Though, at mile 22 I ran into one of my loyal readers (well, actually, he ran into/by me) and I ended up running with him for two miles to keep him company. Once I hit mile 24 I decided to walk to mile 25 – where I would wait and run the final 1.2 miles with my wife. At this point, if I had just kept on going (which I could have done), I probably would have been about a 3:05ish if I kept things as is at a comfortable pace.
I realized that if I flat-out stopped at mile 25 that there was a good chance I’d never get running again. Unfortunately my mental planning and math estimates were slightly flawed, and I still ended up spending 10-15 minutes standing directly next to the Mile 25 sign watching folks go by. I did all sorts of stretching, running in place, cheering etc… and surprisingly, I felt pretty good by time I saw her.

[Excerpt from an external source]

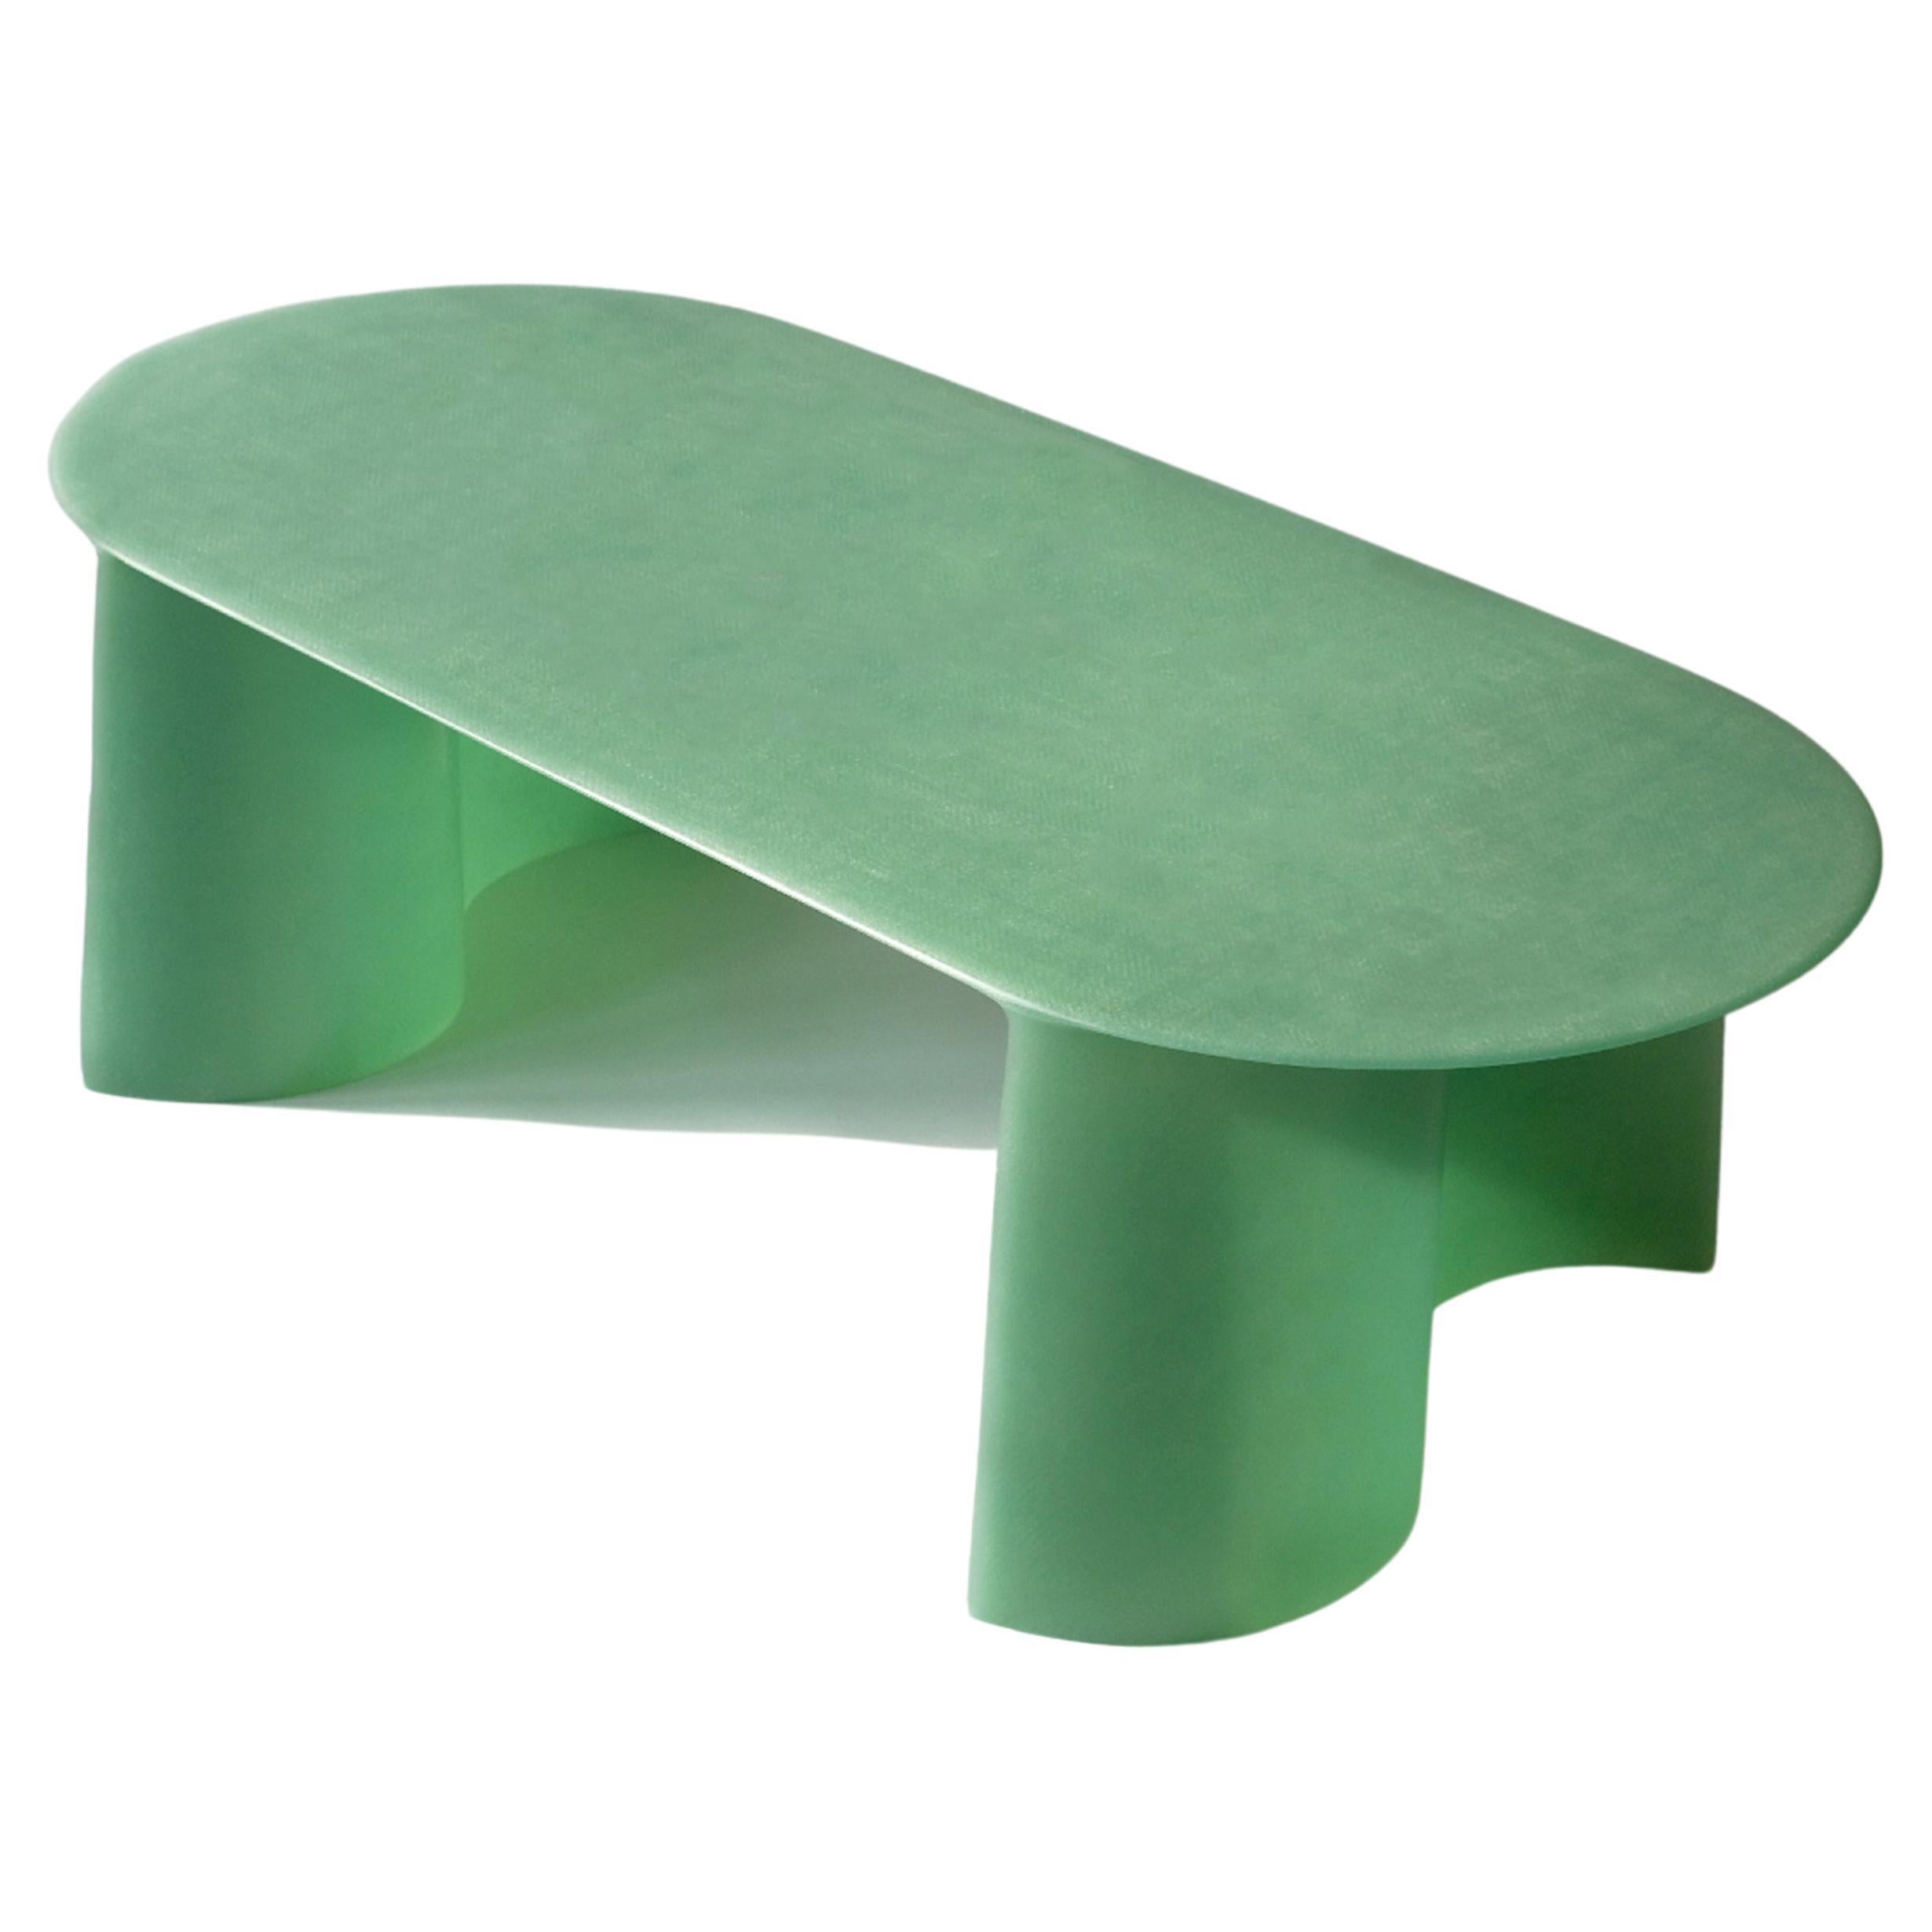 Petite table basse contemporaine en fibre de verre verte, Nouvelle vague, par Lukas Cober
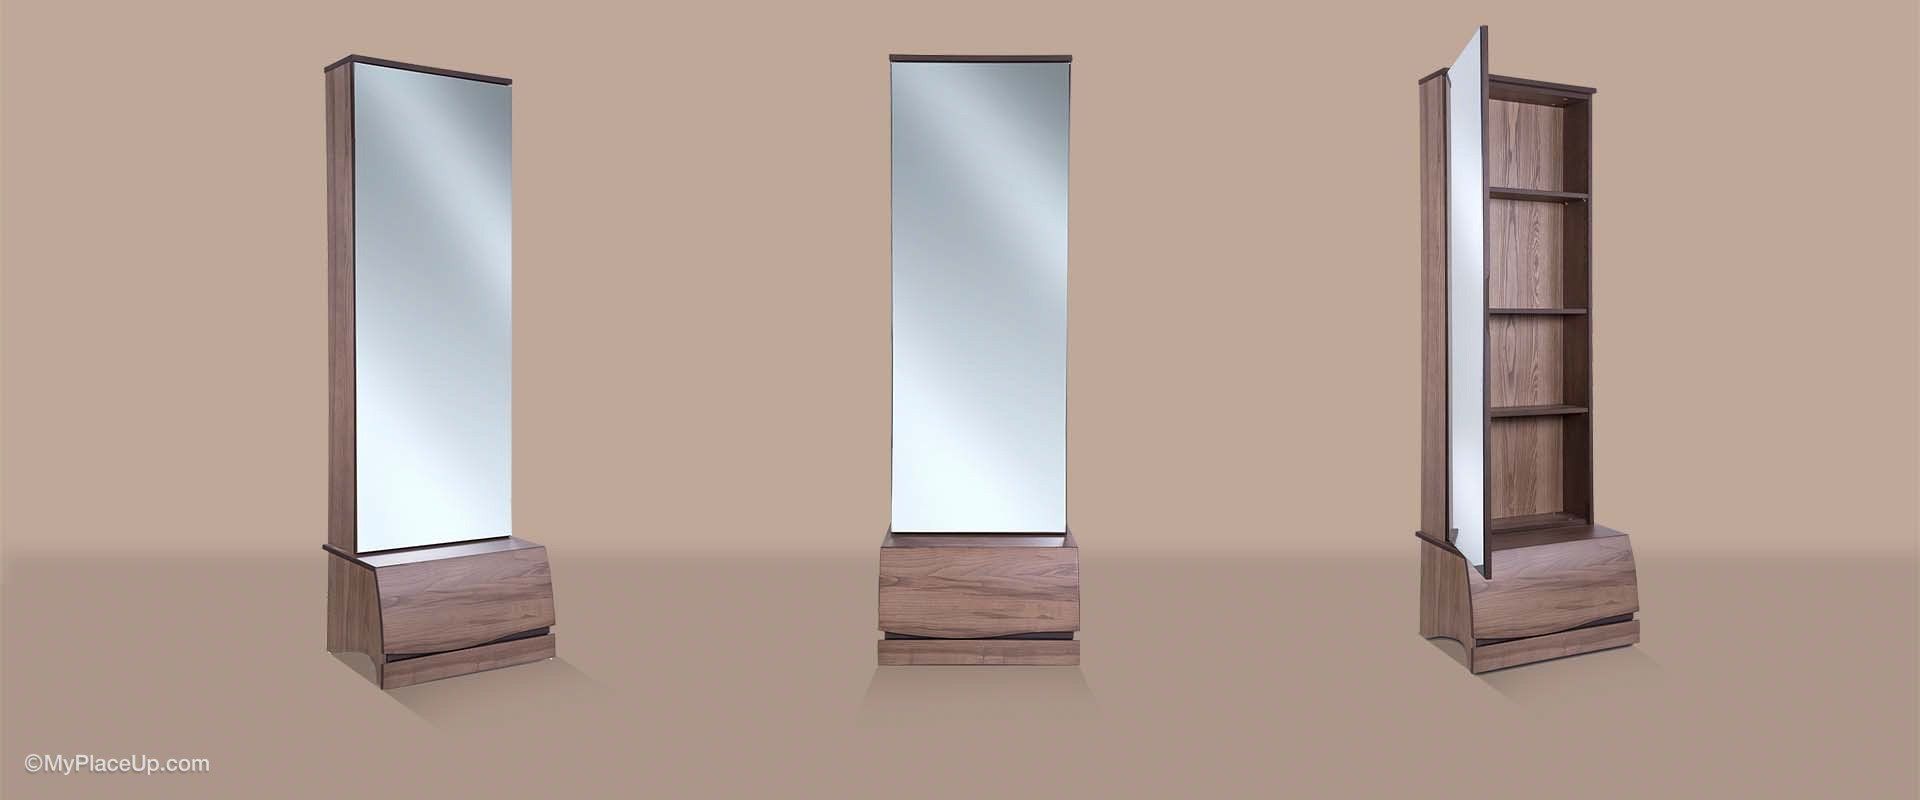 Ηλέκτρα Ελιά – Καθρέφτης με Αποθηκευτικό Χώρο

And after that – I enjoyed running the next 1.2 miles and finishing with her. There are few better feelings in the world than that last mile of your first marathon and I was really happy to be able to share that with her. She was pretty excited to see me there, and from my perspective – I can’t imagine a better way to turn around an otherwise bad race.
I don’t know why precisely my race fell apart. Perhaps my HR was trying to tell me something early on, perhaps the cold I hoped I could just mask with over the counter drugs was the cause – or perhaps I just gave up too easily. I’m not sure. It’s something I want to figure out, but I also want to figure out whether or not I enjoy long distance racing. I know I really enjoy shorter distances (roughly an hour, such as 10-milers) – even if I’m not quite as good at them. Over the next few weeks and maybe months I’ll try and figure out what interests me the most. I’ll be sure to let you know.
Finally, I really want to thank everyone for their support and kind words leading into the race, during the race, as well as afterwards. It was awesome hearing words of encouragement from everyone along the course. You are of course the primary reason I write here, and why I write so openly. As you have seen over the last four years, every race I compete in gets posted here – ultimately allowing everyone to learn from my experiences (both good…and bad). And that’s what I believe so many of you find useful about when I write. It’s easy to write about having a great race, it’s much harder to write about a race that didn’t go as you hoped after months of hard training.
However, over the past year or so there have been some (well, one) who has chosen to take the route of anonymous and thinly comment attacks against my performances, myself, my friends, my family – and even some other readers that have left comments. As is always the case, anyone is welcome to disagree with how I present product information or my opinions of products. In fact, out of the 28,549 comments posted to the blog since its inception – I’ve never deleted a single comment for its content. However, neither my openness nor this blog is a permissible avenue for personal attacks. Thus, as of yesterday I am simply deleting any such comments going forward. This isn’t the environment I want to have around here – and honestly, I’d prefer if this individual simply found something else on the internet to read.
Thanks everyone for reading, and have a great Thanksgiving!